Popular Instagram user starts "Social Media Is Not Real Life" campaign

Fashion bloggers, fitness experts, and your everyday photogenic members of society make up a new class of celebrities who find most of their fame on Instagram.

Essena O'Neill is no different.

She's an 18-year-old, regular teen from Australia and just happens to have half a million followers on Instagram. She also had 200,000 followers on YouTube and Tumblr and 60,000 on Snapchat before they became inactive.

Many of her posts included selfies, outfits, and #fitspo or fitness photos.

But last week, O'Neill decided that she was done with social media.

She deleted 2000 photos, renamed her account to "Social Media Is Not Real Life," and also changed the captions on existing photos with the truth behind them.

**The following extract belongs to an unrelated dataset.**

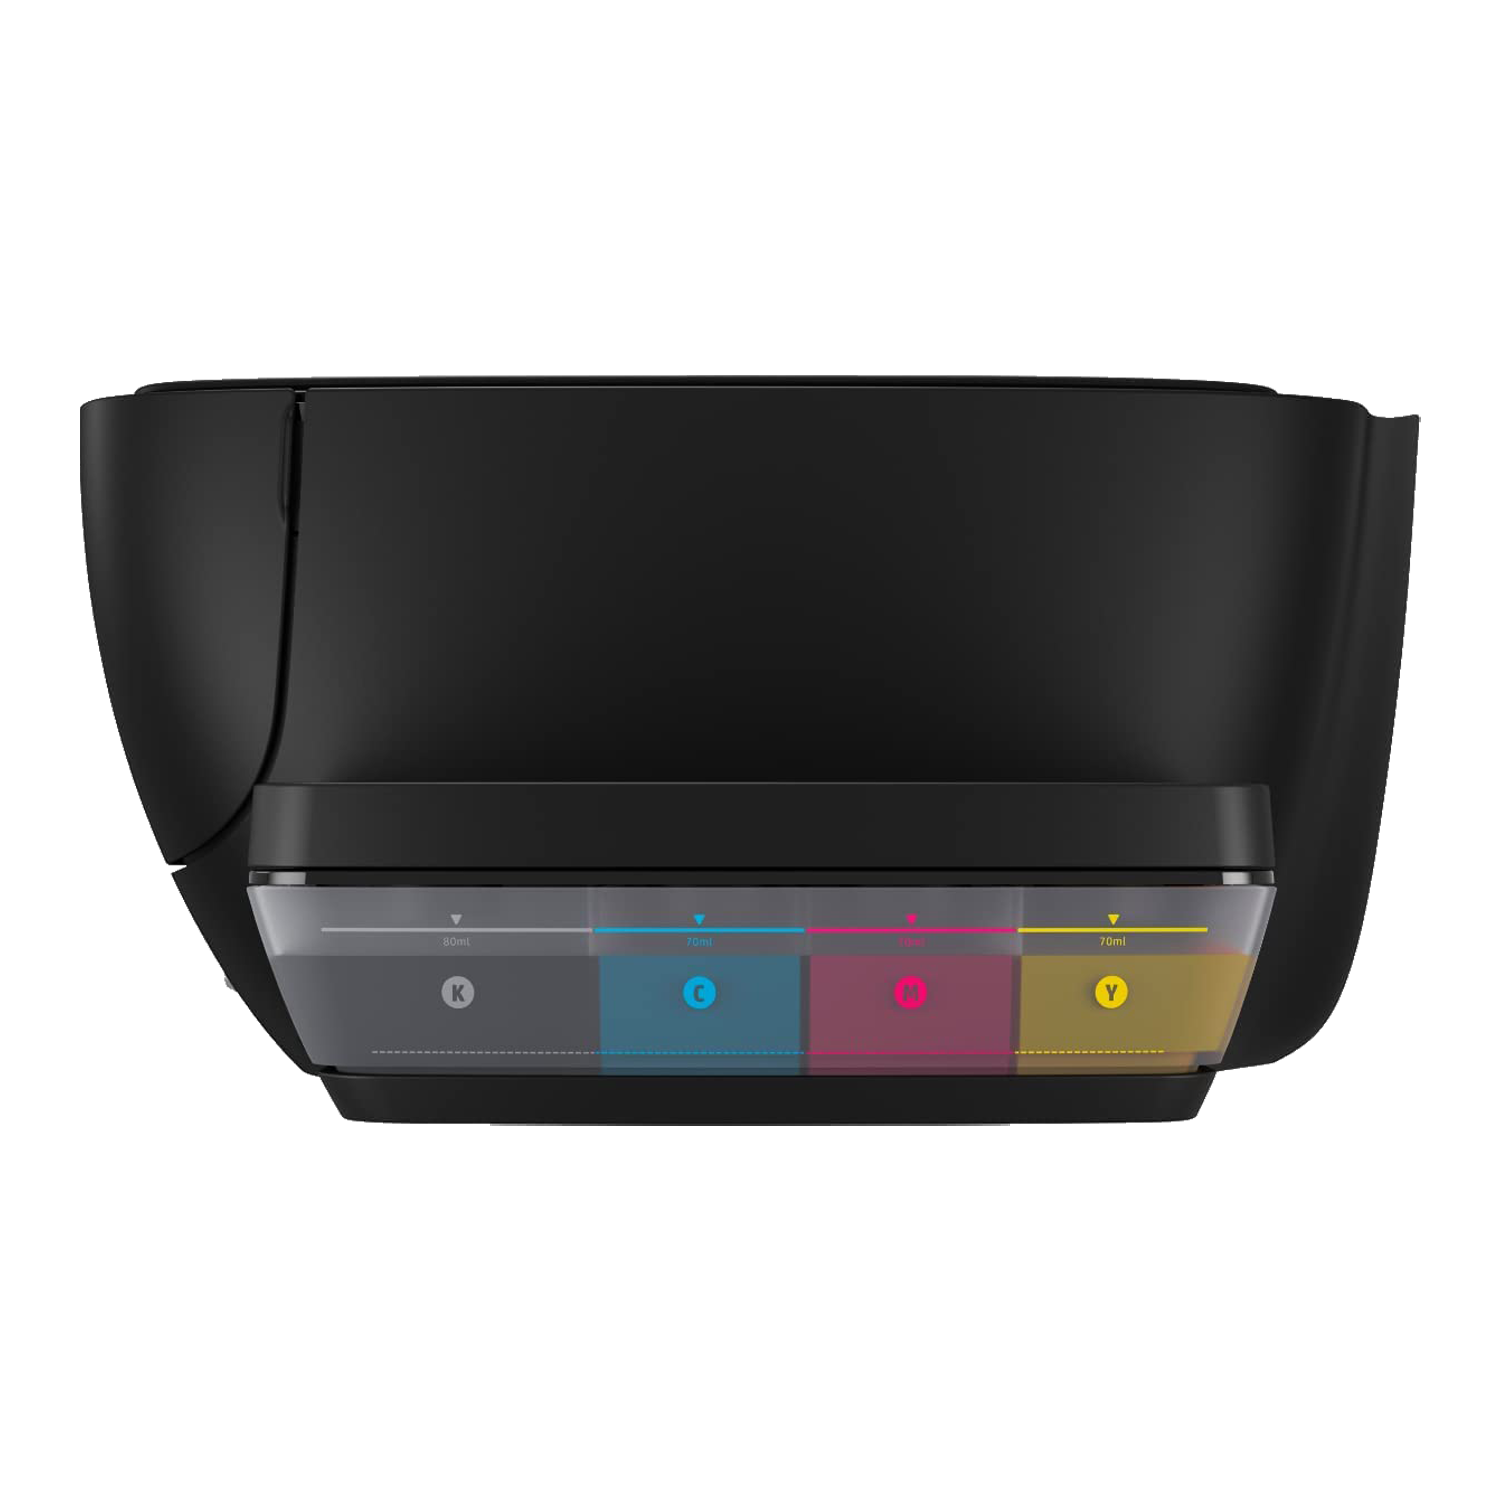 Impressora Multifuncional HP Ink Tank 416 WiFi / Bivolt - Preto

The new captions include how much she was paid for certain posts, how many attempts it took to get the shot, and the pressures she felt to appear perfect.

"I've spent the majority of my teenage life being addicted to social media, social approval, social status, and my physical appearance," O'Neill wrote in her last Instagram post published on October 27, "[Social media] is contrived images and edited clips ranked against each other. It's a system based on social approval, likes, validation, in views, success in followers. it's perfectly orchestrated self-absorbed judgement."

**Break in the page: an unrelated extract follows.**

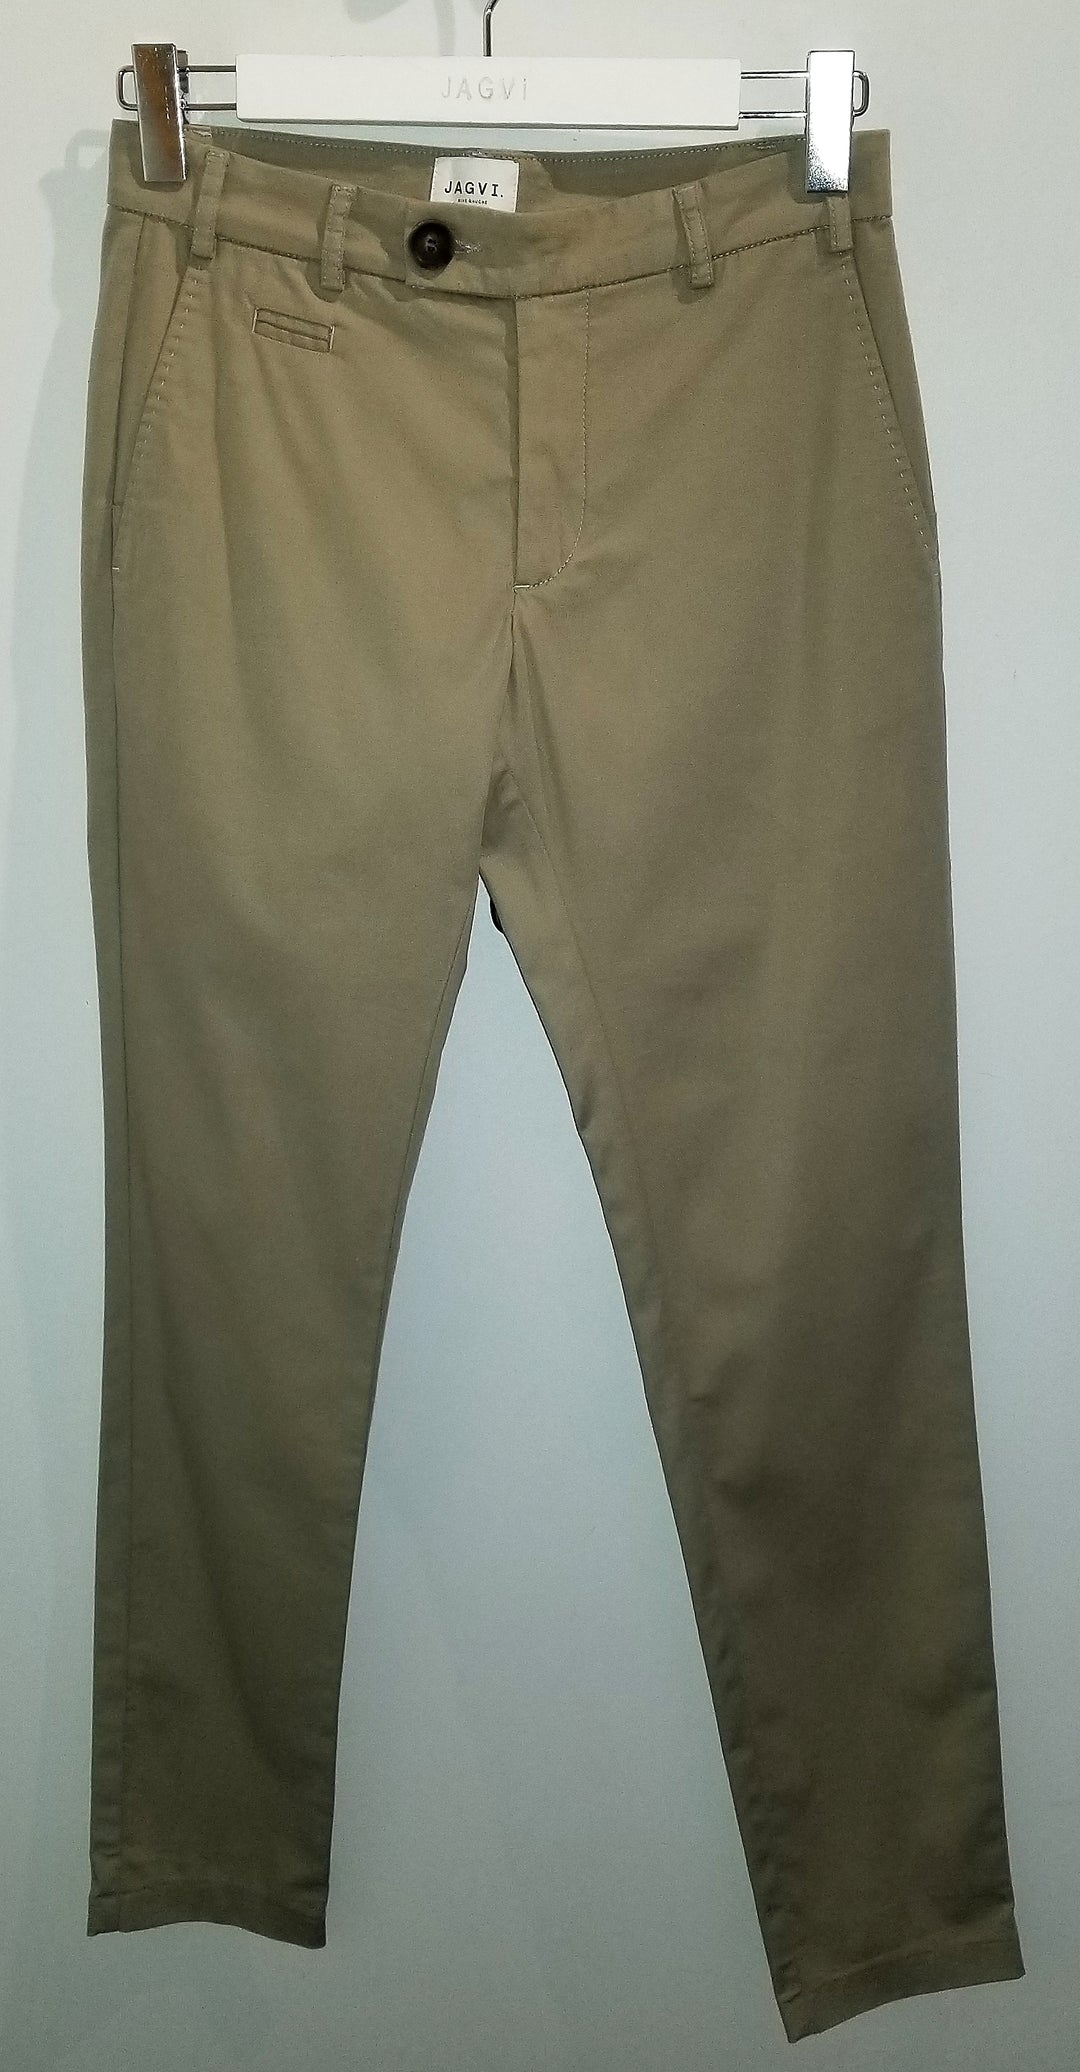 Light khaki organic cotton pants

"How can we see ourselves and our true purpose/talents if we are constantly viewing others?" she said, "Many of us are in so deep we don't realize [social media's] delusional powers and the impact it has on our lives."

In addition to changing the basis of her Instagram, O'Neill made a video on YouTube explaining how people make money off social media.

Since then, she's moved from YouTube to Vimeo, where she will upload daily videos because of its "positive and value based ranking, not likes or followers or BS ads."